The Paths Words Travel
My interest in etymology began in a practical place: naming characters.
When writing fiction, a name rarely feels right unless it carries some quiet meaning beneath the surface. A name like Firen or Orun should feel as though it belongs to the world it inhabits. Early on, that curiosity led me to look up where names came from-how they formed, what they once meant, and how they evolved as languages changed.
But once you start following those threads, it is hard to stop.
A name leads to a word. A word leads to a language. A language leads to a culture. And before long you find yourself tracing ideas across centuries.
That curiosity deepened when I began reading more widely in mysticism and philosophy. Many of the concepts were unfamiliar, and the quickest way to understand them was often to go back to the words themselves. Terms like mystic, logos, nous, or karma carry layers of meaning that only become clear when you see where they came from and how they were used in earlier contexts.
Etymology reveals that words are not fixed objects. They are travelers.
As words move between cultures, their meanings bend and expand. Sometimes they narrow. Sometimes they pick up entirely new connotations. The history of a single word can quietly reflect trade routes, philosophical movements, religious debates, and even political power.
In that sense, etymology is not just about language. It is about the history of ideas.

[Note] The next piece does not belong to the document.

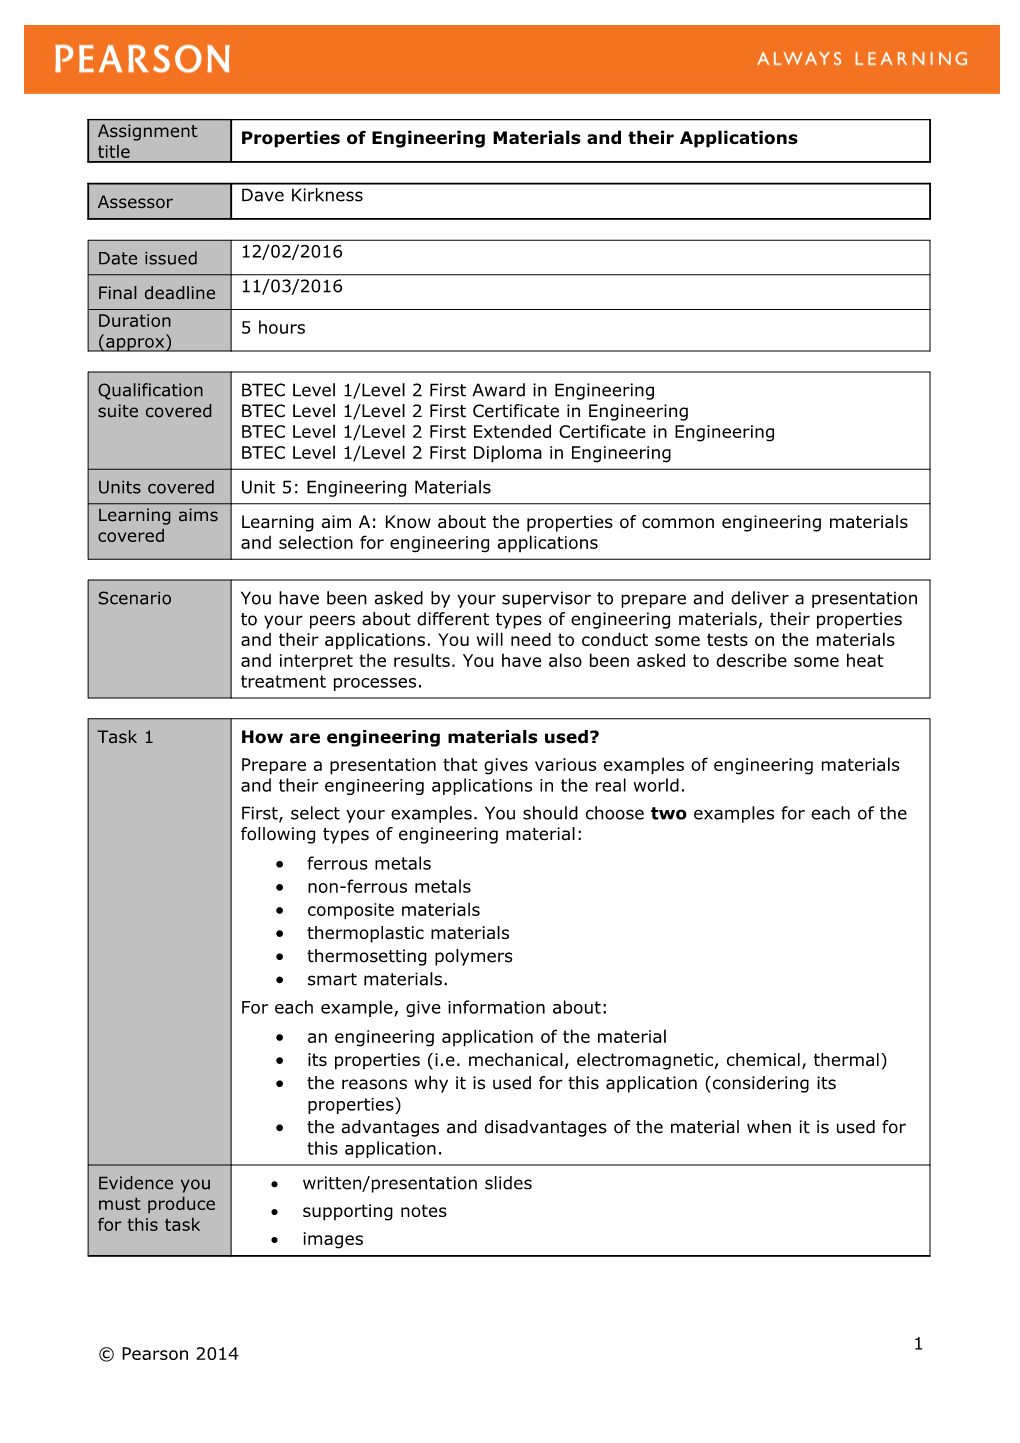 Unit 5: Engineering Materials - Authorised Assignment Brief for Learning Aim a (Version

When we look closely at how words evolve, we begin to see how people have tried-again and again-to describe the same fundamental experiences: consciousness, meaning, truth, beauty, divinity. Different cultures approach those ideas from different directions, but their vocabularies often reveal surprising connections.
For me, this connects directly to the broader themes I explore on this site: the patterns that link ancient wisdom, modern technology, and human creativity.
Words are one of those patterns.
They are artifacts of thought, preserved across time. Each word carries the memory of the people who used it before us. And when we follow a word backward-through Old English, Latin, Greek, or older Indo-European roots-we are often retracing the path of an idea as it slowly unfolded through history.
What began as a search for good character names turned into something much larger: a fascination with how language itself records the evolution of human understanding.
In a sense, etymology is archaeology for ideas.